If only it were that easy to convince the media that their rigid adherence to only bad news isn’t helpful for society’s morale (which is tied in with society’s health). The motto they live by: “If it bleeds, it leads,” really needs to be changed to, “If it’s fun, page one.” Wouldn’t you love to see feel good stories with happy endings first, and all the bad stuff at the end? (Then you’d know to when to avoid it completely!)

If it were only that easy to convince politicians that sticking to a rigid platform of attacking each other is also bad for society’s morale. AND makes people stop wanting to read about politics at all. (Side note: how can we stop the bullying epidemic if that’s all we see in our leaders?) It’s also stupid for them to appear rigid because how many times do their previous stances and quotes come back to bite them in the ass! Of course people change viewpoints through the years – it’s called growth – so why pretend that it never happens to them?

Wouldn’t it be unbelievably wonderful if just once in awhile one politician praised another for their efforts? I know, the Winter Olympics will open in Hell before that happens. Sigh.

If it were only that easy to convince society in general that they make the rules, and the viewpoints, and the value systems, and they’re different for different societies – and they can change them. They think that mindset is written in irreversible blood, but it’s not – it’s just groupthink. And it’s kind of scary, because it’s hard to fight against. But if you want to do something more flexible than what is expected of you, find the courage to say, “Screw rigid.”

I’m going to be the flexible change I’d like to see. I sure hope I see it in others, as well. Otherwise, as Dr. Phil might say to them, “How’s that rigidity working out for you?”

There’s only one rigid fact of life you can’t change, and that’s death. Why not get the most of out of your life by being a bit more flexible before the real rigid comes?

I’m just askin’ …

2 Responses to “Day 50 Screw Rigid”

  1. I’m with you, “Screw Rigid.” Your daughter should embrace life and travel as much as possible, if that is what she’d interested in doing. She’s young and the experiences she’ll have and people she’ll meet will be far more important and interesting than those she’d have staying home–just to not look rigid! Yes, we should all get the most out of life. Just one chance and it is so brief.

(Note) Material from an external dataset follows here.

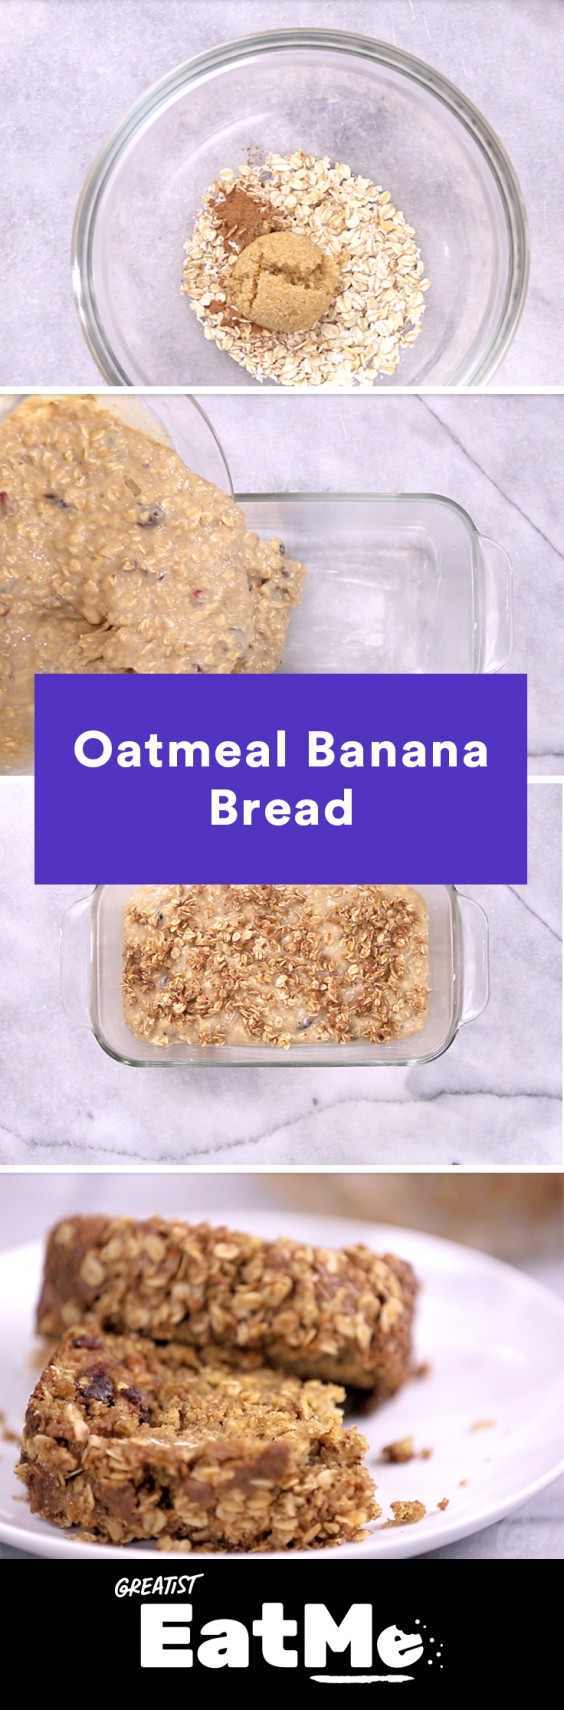 Eat Me Video: Oatmeal Banana Bread

    • I told my daughter what you wrote and she was touched by your support because she has to argue constantly how she doesn’t want to follow the family’s beliefs (on her father’s side – I’m considered a bohemian eccentric hippie!). You know, I think the only people who DON’T realize how short life is, and how much we need to get fun experiences out of it as much as we can, are very young people and those with good health. They think they will always have either/both and be able to do anything when they want. Ah, the dangers of smug, right? Life comes along and before you know it, you’re old or sick or both. I say grab it all while you can.